Kimble Chase
- Headquarters: Vineland, New Jersey

= Kimble Chase =

American lab equipment supplier

Kimble Chase, short for Kimble Chase Life Science and Research Products LLC, is headquartered in Vineland, New Jersey. Kimble Chase supplies laboratory equipment and consumables for analytical chemists in the pharmaceutical, scientific, clinical, educational, environmental, industrial, and agricultural markets. In 2007, Kimble Chase was formed through a joint venture between Gerresheimer AG and Thermo Fisher Scientific (NYSE: TMO). The joint venture combines the operations of Pfeiffer Glass, Chase Scientific Glass, Kimble Kontes, and Kimble Mexico in North America, Scherf Praezision in Germany, and KBL and KBG in China.

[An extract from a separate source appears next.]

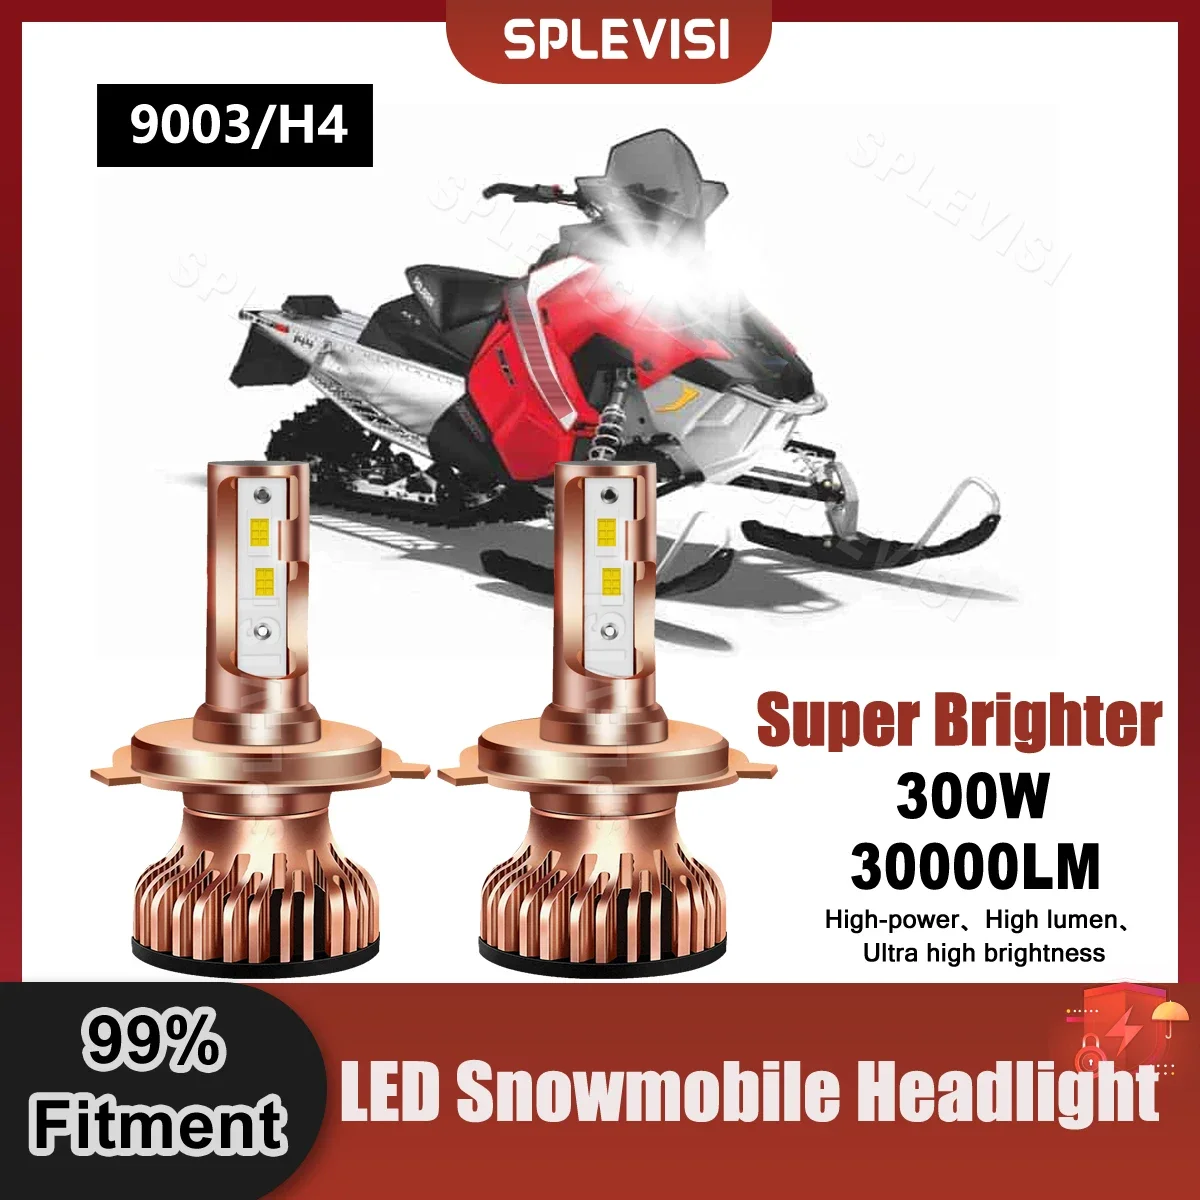 SPLEVISI LED Headlight Bulbs 6000K Pure White 300W For Polaris Switch Back 800 2009 2010 2011 2012 2013 2014 Motorcycle Bulbs headlight adjustment switch for vw tiguan 2010 2019 5nd941333a

The two largest operations that now comprise Kimble Chase, Kimble Kontes and Chase Scientific, both started as family businesses in the late 19th century and early 20th century. In the late 19th century, Kimble Glass started making vials, funnels, medicine droppers and culture tubes in a Chicago loft. Founded in 1942, Kontes Glass made high precision, specialty glassware on the top floor of the family-owned Royal Candy Shop. The crown symbol from the candy shop sign is still part of the Kontes logo. Kontes Glass became a sister company to Kimble glass around 1982. Some time in the early years of 2000, Gerresheimer Glass purchased the two companies and shortly thereafter Kontes became known as Kimble-Kontes. Chase Scientific Glass, founded in 1934, is a major supplier of disposable laboratory glassware for North America, Europe and the Asia Pacific. Today, Kimble Chase has 1,500 employees, six manufacturing facilities—located in the United States, Mexico, Germany, and China—and over 10,000 total square feet of production and warehouse space.